Home > Cardiology > HFA 2021 > SGLT2 Inhibitors in Heart Failure > Biomarker panel predicts SGLT2 inhibitor response

Biomarker panel predicts SGLT2 inhibitor response

Presented by
Dr Muthiah Vaduganathan, Brigham and Women´s Hospital, MA, USA
Conference
HFA 2021
Trial
CANVAS
Sodium-glucose cotransporter-2 (SGLT2) inhibitors have been shown to lower cardiovascular (CV) risk in both patients with and without diabetes. An analysis of the CANVAS trial suggested that a biomarker assay can identify patients that benefit most from therapy.

Circulating biomarkers reflecting different mechanistic pathways may offer insights into how SGLT2 inhibitors reduce CV risk. “We undertook a secondary analysis of the CANVAS trial to understand whether the use of a multimarker panel may not only identify those at highest risk but also identify patients that may benefit from SGLT2 inhibitors,” explained Dr Muthiah Vaduganathan (Brigham and Women´s Hospital, MA, USA) [1].

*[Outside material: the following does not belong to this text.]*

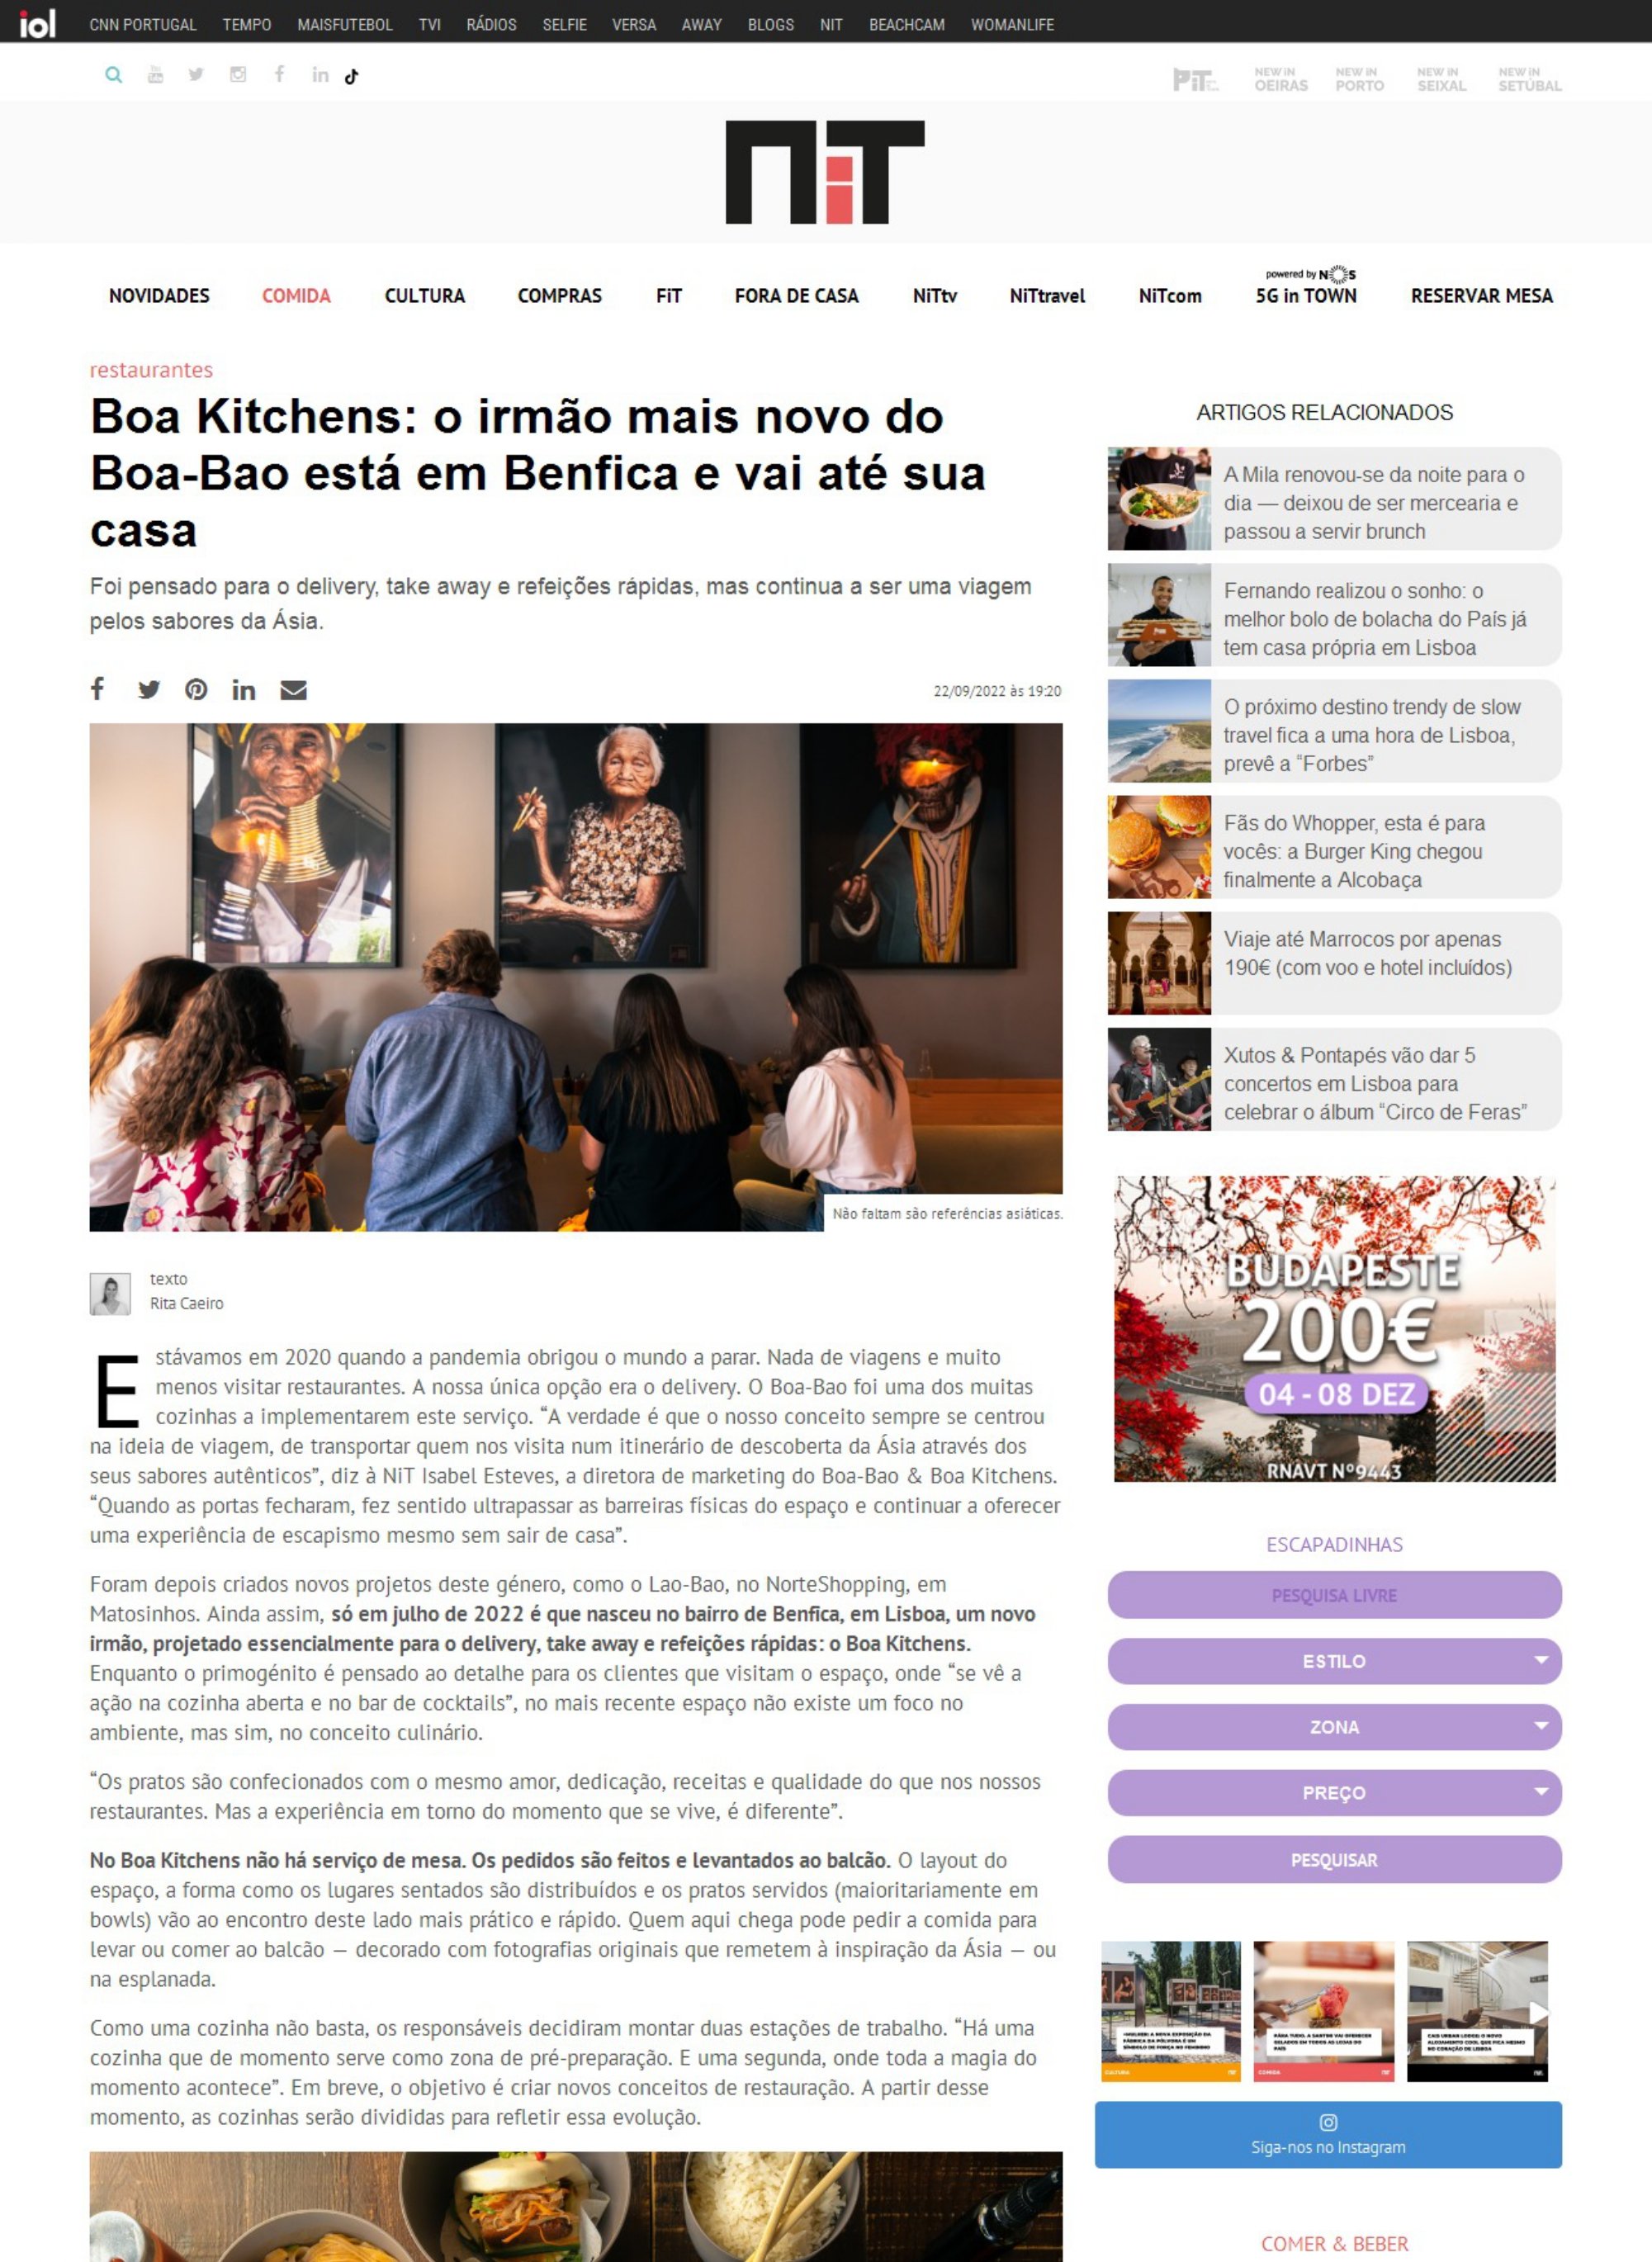 NIT_Boa Cocinas, el hermano menor de Boa-Bao está en Benfica y va a su casa_page-0001.jpg

The CANVAS study (NCT01032629) evaluated the effect of canagliflozin compared with placebo on CV events, including CV death, heart attack, and stroke, in patients with type 2 diabetes whose diabetes was poorly controlled and who had a history of CV events or a high risk of CV events [2]. The biomarker panel used in the current analysis was designed based on 3,040 CANVAS participants. Measured were concentrations of cardiac troponin T by high-sensitivity assay (hs-cTnT), soluble suppression of tumorigenesis-2 (sST2), and insulin-like growth factor-binding protein 7 (IGFBP7). These biomarkers represent myocardial injury (hs-cTNT), vascular congestion (sST2), or acute kidney injury (IGFBP7). Patients were assigned 1 point for every elevated biomarker.

Overall, 36% of the participants had no elevated biomarkers, 35% had 1 elevated biomarker, 27% had 2, and 2% had 3 elevated biomarkers. The higher the biomarker level, the poorer the patients' prognosis. “We found that while the benefit [of SGLT2 inhibitor treatment] with regard to heart failure and kidney events were consistent irrespective of the biomarker score, benefits with regard to major adverse CV events appeared to be greatest in those with multiple abnormal biomarkers,” Dr Vaduganathan said. He concluded that this hypothesis should be tested further in ongoing and completed trials with SGLT2 inhibitors.


    1. Vaduganathan M. Multi-marker biomarker panel, adverse cardiovascular and kidney outcomes, and response to canagliflozin in the CANVAS Program. Heart Failure and World Congress on Acute Heart Failure 2021, 29 June–1 July.
    2. Neal B, et al. New Engl J Med 2017;377:644­–57.